Description jonne 2007-06-03 11:18:22 UTC
I've had the exact same problem with many many different kernels (also on the
knoppix live dvd). Fedora people could not offer any help.
I cannot even find out whether it's a software or a hardware fault.

Distribution: Fedora 7
Hardware Environment: Acer Aspire 1640z
Software Environment:
Problem Description: Getting a battery exception right after HAL daemon is
started. Makes system unstable (usually it freezes within several minutes)

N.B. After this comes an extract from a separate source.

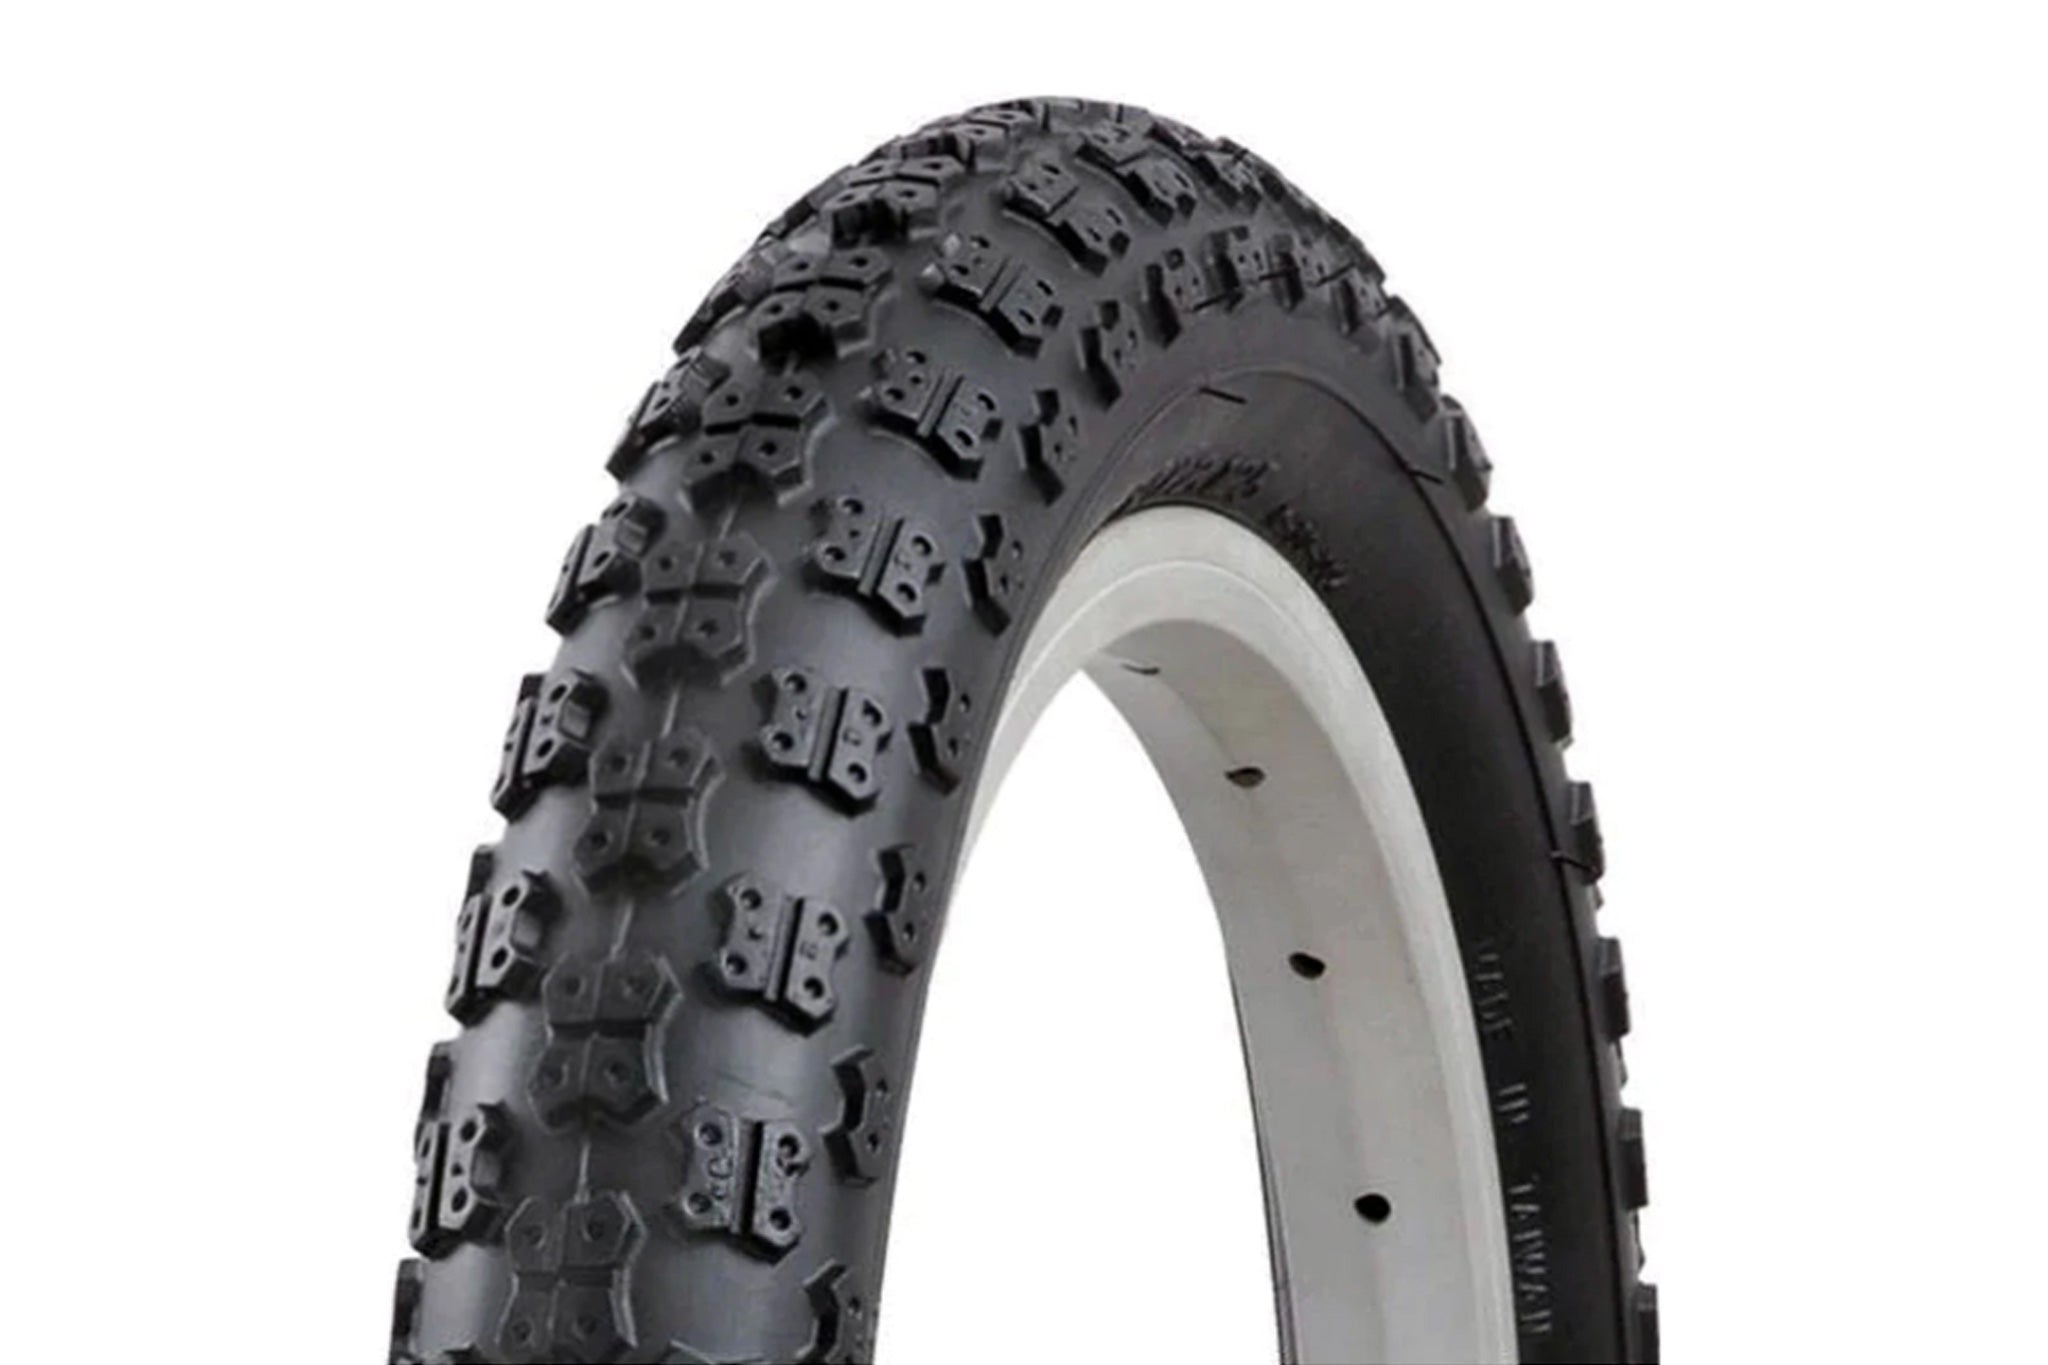 Tioga Comp 3 Style Tyre by Kenda
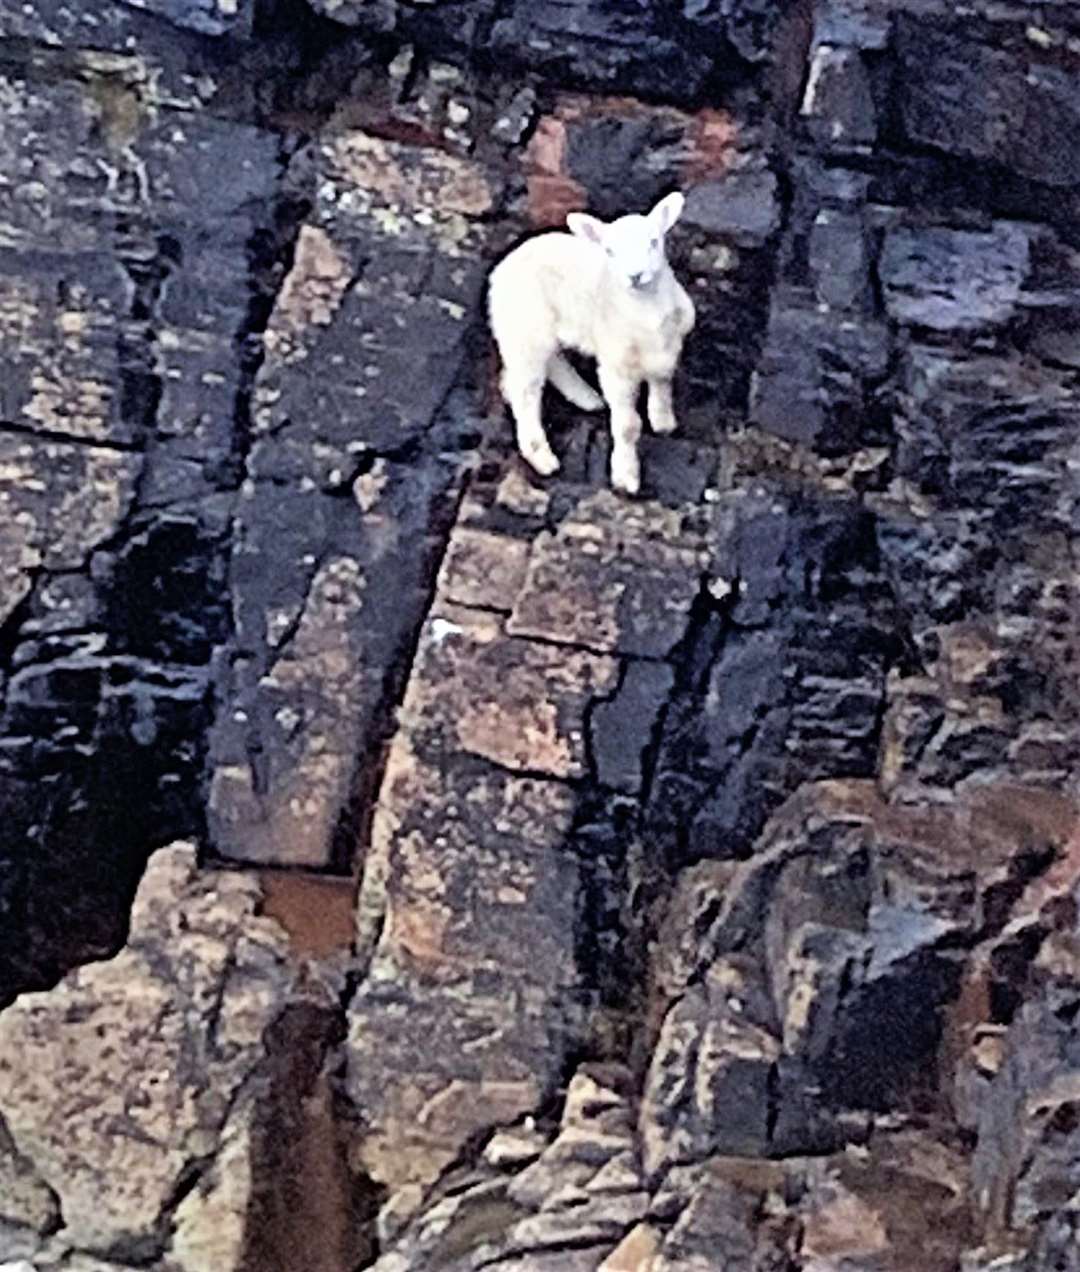 The lamb was trapped on a cliff ledge until the two woman managed to save it.

Steps to reproduce: Just booting, doing nothing special.

dmesg fragment:

ACPI Exception (battery-0216): AE_SUPPORT, Extracting _BST [20070126]
*** SLUB kmalloc-64: Redzone Active@0xf5969cb0 slab 0xc1ae2954 [Not tainted]
    offset=3248 flags=0x400000c3 inuse=10 freelist=0xf5969850
  Bytes b4 0xf5969ca0:  05 09 00 00 c5 0d fd ff 5a 5a 5a 5a 5a 5a 5a 5a
....
Comment 1 Zhang Rui 2007-06-08 00:49:51 UTC
Please attach the acpidump output.
This exception occurs when evaluating _BST method.
Please recompile the kernel without the ACPI battery driver
and see if there is any differnece.
Comment 2 jonne 2007-06-09 10:19:02 UTC
Created attachment 11722 [details]
acpidump
Comment 3 jonne 2007-06-09 10:20:20 UTC
Thanks very much for your help, I really appreciate.
I installed acpidump and now upload the attachment.
Further, I'm going to try to compile the kernel without ACPI battery driver like
you said and will report any new findings then.
Comment 4 jonne 2007-06-15 02:09:48 UTC
Also, I compiled kernel 2.6.21.4 without ACPI battery driver and,
well, what can I say. There was no Battery exception. Most things seemed to work just fine (wireless network did not work, but I'm not an expert, there can be many reasons).
It seems the exception does not *always* occur. Yesterday I was able to boot Fedora's newest development kernel and the exception did not occur. Everything worked, except that my battery level seemed to be stuck at 2%. After a reboot several hours later I got the battery exception again.
This weekend I'm going to try to replace the battery by somebody who owns the exact same notebook. Thanks for helping me!
Comment 5 jonne 2007-06-17 05:51:49 UTC
Replacing the battery solved the problem. I must conclude it is hardware failure. Sorry for the noise, the battery exception is quite a clear indication to faulty hardware I guess. Anyways, I guess I should search my warranty and hope for the best. Thanks for helping.
I reject the bug now as INVALID, because I think the battery exception message should have been good enough. (the windows xp machine with the faulty battery runned *extremely* slow and acer's epower management tool could not be started).
Comment 6 Len Brown 2007-07-25 19:51:30 UTC
Linux should not be getting a red-zone error.
This looks like a failure in our error path.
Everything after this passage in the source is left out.